Using Traefik on Kubernetes Over Tailscale

Josh Noll | Mar 3, 2025 min read

Introduction

In my last post, I went over how to use the Tailscale Kubernetes operator to securely expose applications outside of the cluster. There’s only two things I don’t like about this setup:

  1. A separate Tailscale machine is added for every service you expose. Tailscale’s free tier generously allows you to have up to 100 devices on your Tailnet. For most people, this might not be an issue… but for a Tailscale psycho like me, it can fill up quickly… at which point, I channel my inner Kylo Ren…
How the heck can you have more than 100 devices??

If you read about my current homelab setup, you’ll know that I use Tailscale Docker containers to get everything… and I mean everything on Tailscale. This means for every app, for every database, for every redis… there’s a machine added in Tailscale. That stuff can add up.
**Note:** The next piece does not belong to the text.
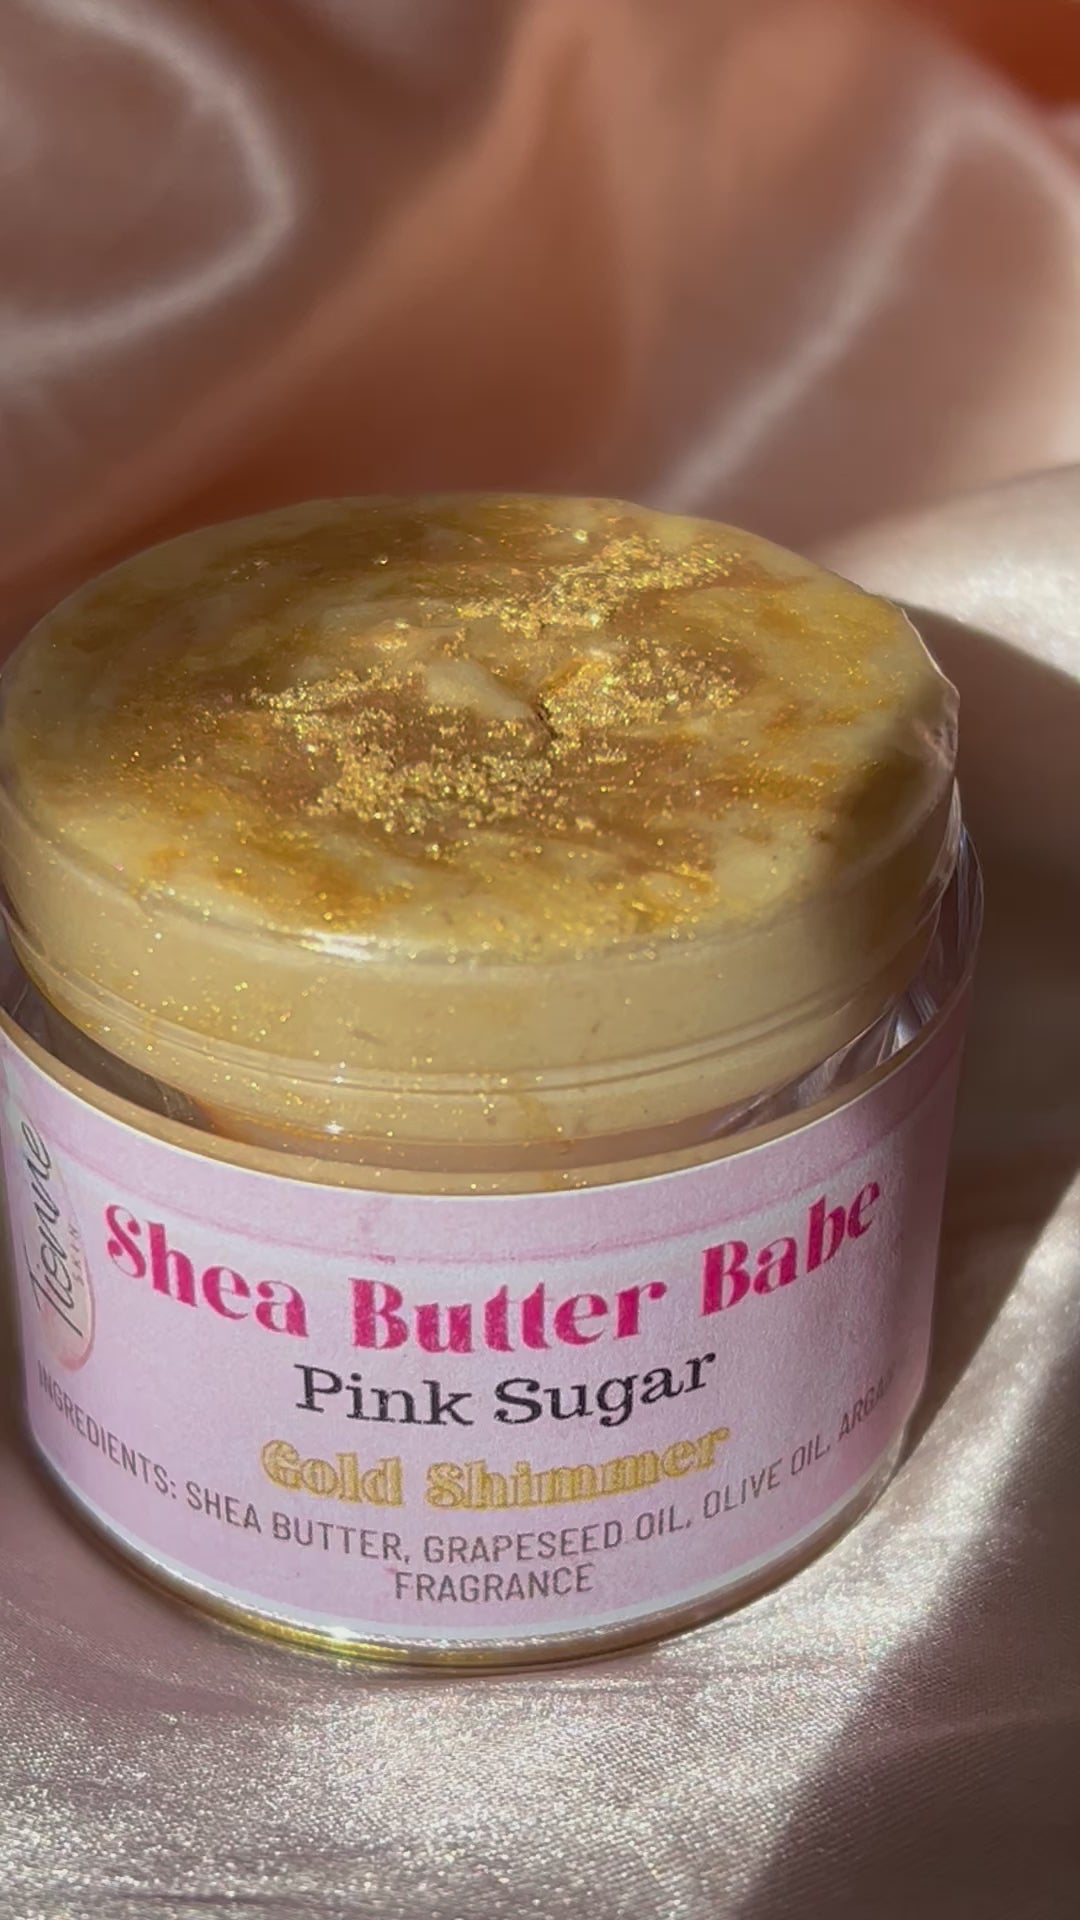 Pink Sugar Shea Butter Babe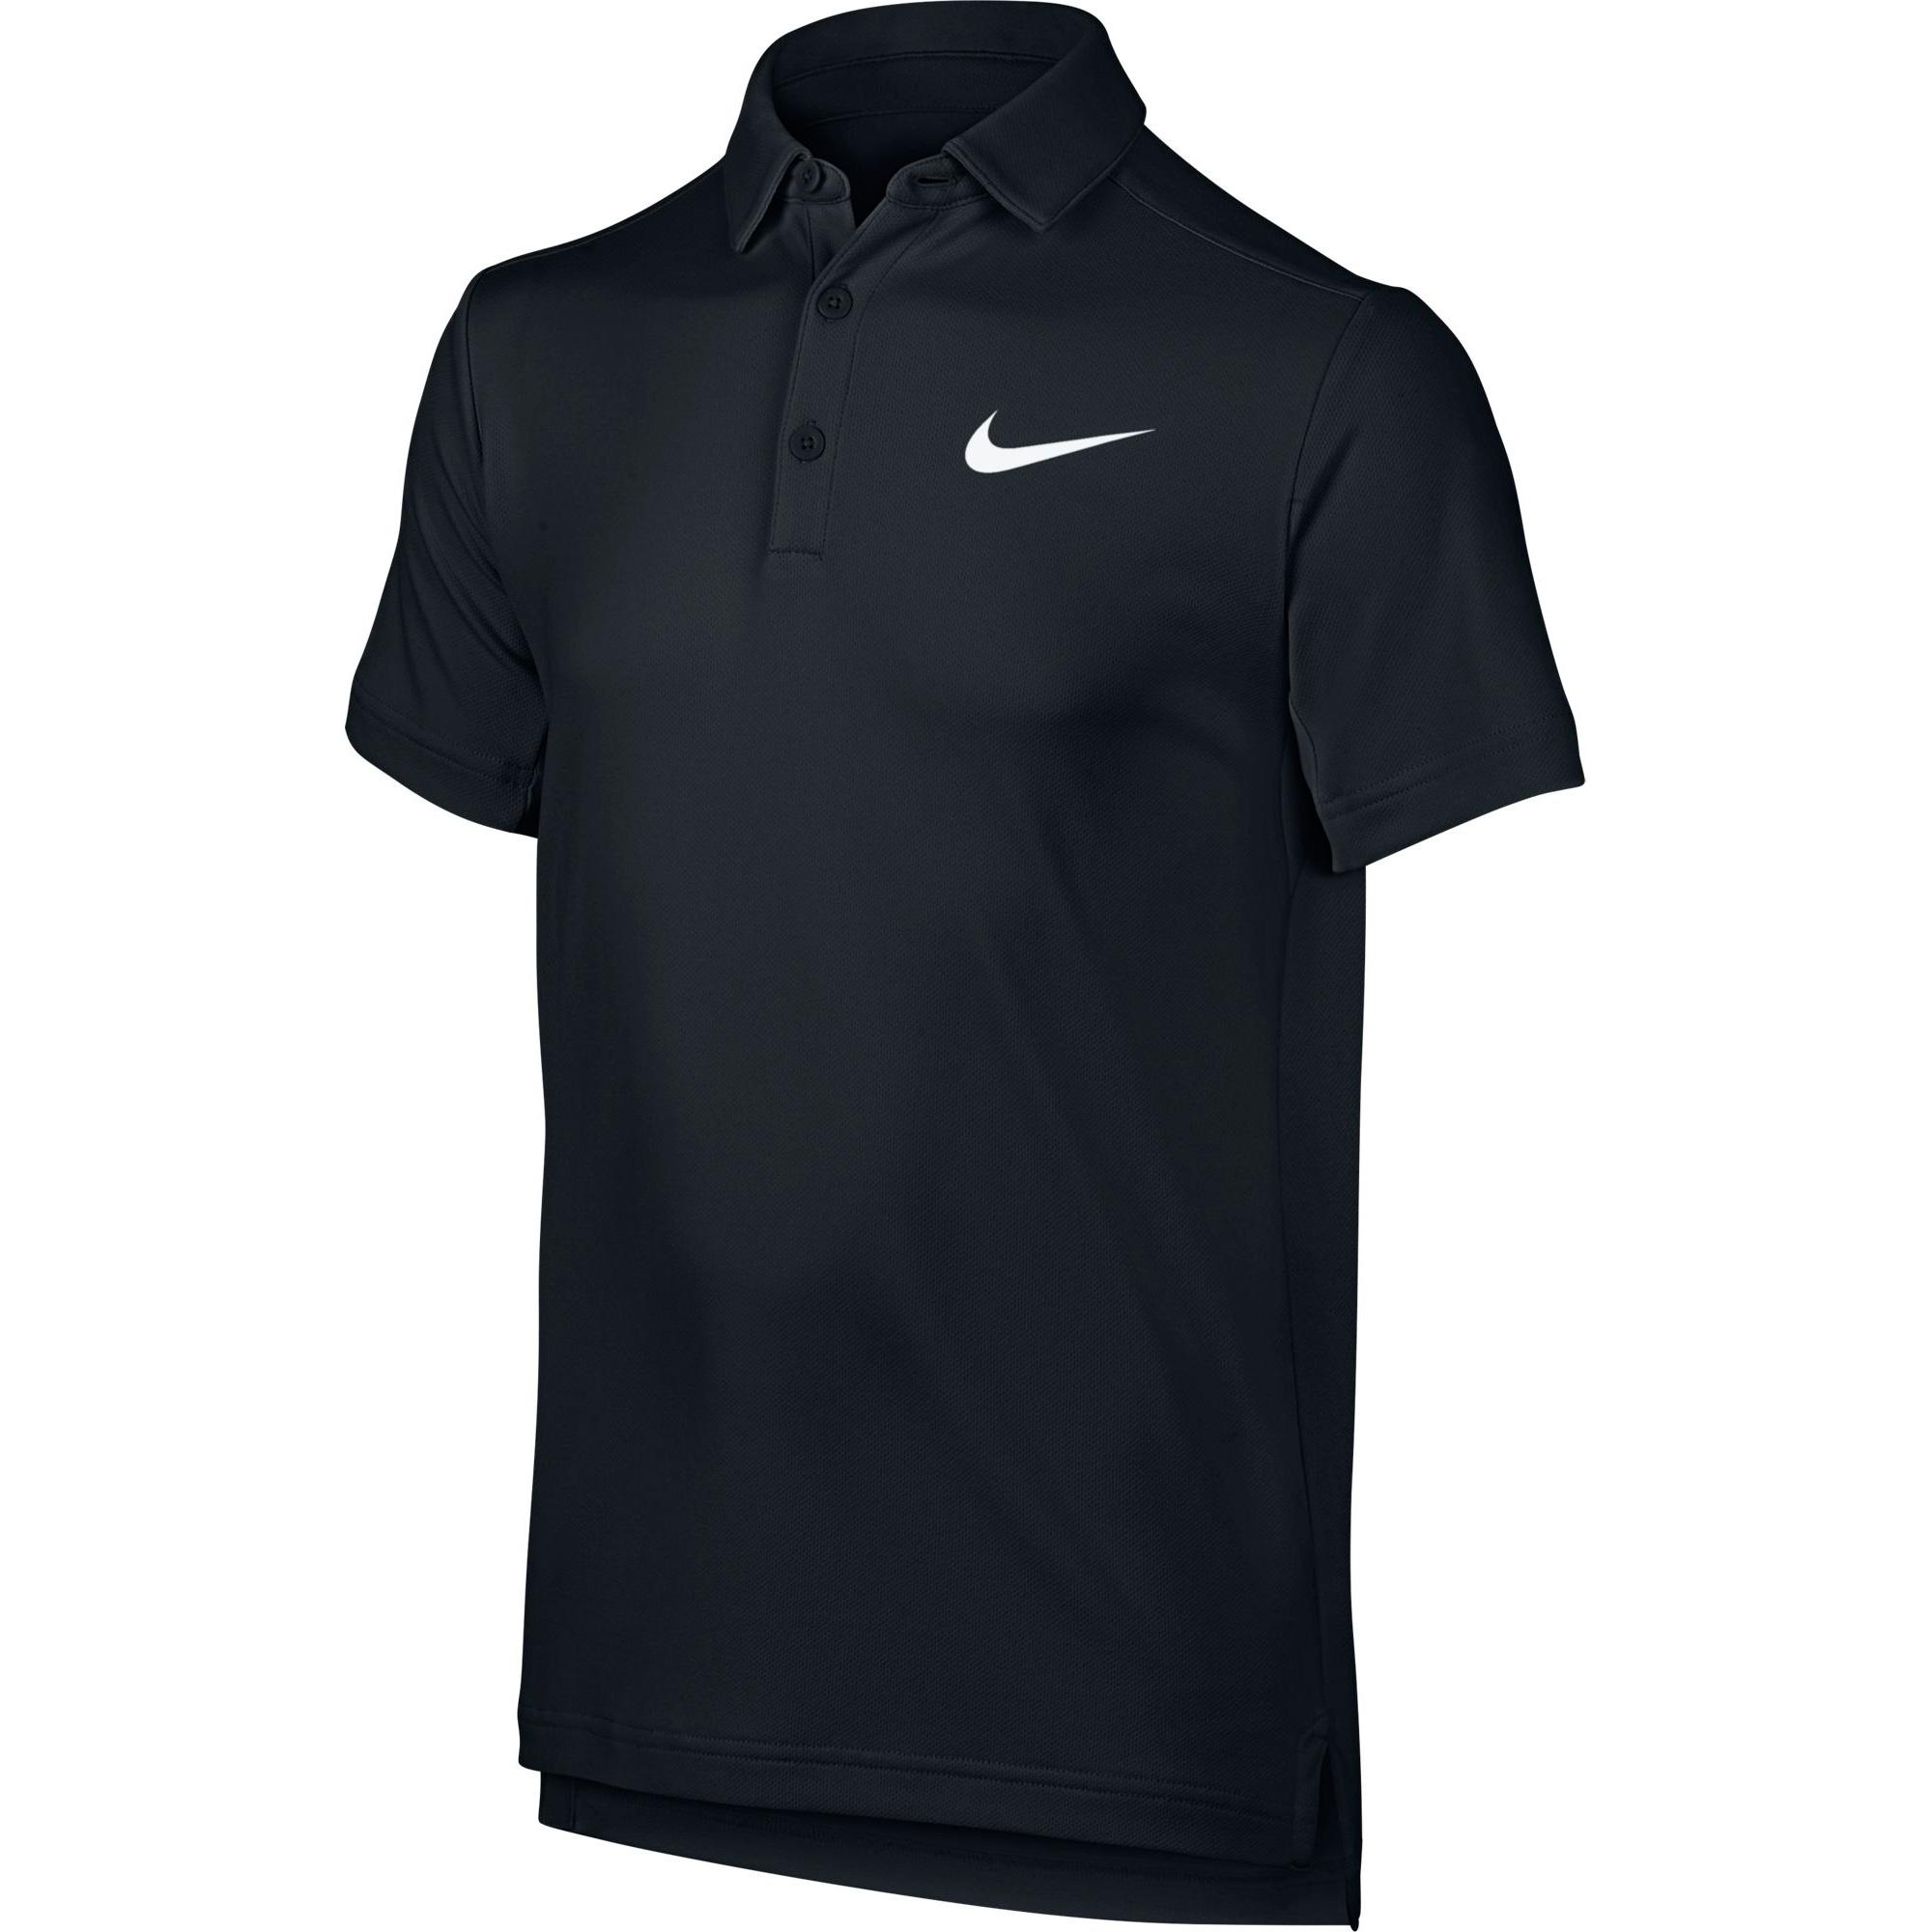 Nike Boys Dry Tennis Polo - Black - Tennisnuts.com

  1. You can’t use a custom domain. With the Tailscale ingress controller, you’re at the mercy of your Tailnet name, which falls under the ts.net subdomain. I want to expose my apps over a domain that I can buy, own, and manage myself. Something like mylittlehomlab.dev (on sale for $4.99 last I checked…)

The Architecture

Here’s the concept…

  1. A user goes to https://app.mylittlehomlab.dev
  2. Their device sends a DNS request for app.mylittlehomlab.dev, which makes its way to a recursive resolver (Cloudflare, in my case), which resolves it via an A record to a Tailscale IP
  3. That Tailscale IP is assigned to the service object for Traefik. So, if you’re on my Tailnet (or you’re on your own Tailnet and I’ve shared Traefik with you), you will be able to reach it. If not, you will get no response.
  4. Traefik will forward the request on to the appropriate service using cluster-internal traffic.

A drawing for the visual learners like me:

The benefit of this setup is that I can significantly reduce the amount of machines on my Tailnet. The only machines will be Traefik and any of my personal client machines (laptop, phone, ipad etc.)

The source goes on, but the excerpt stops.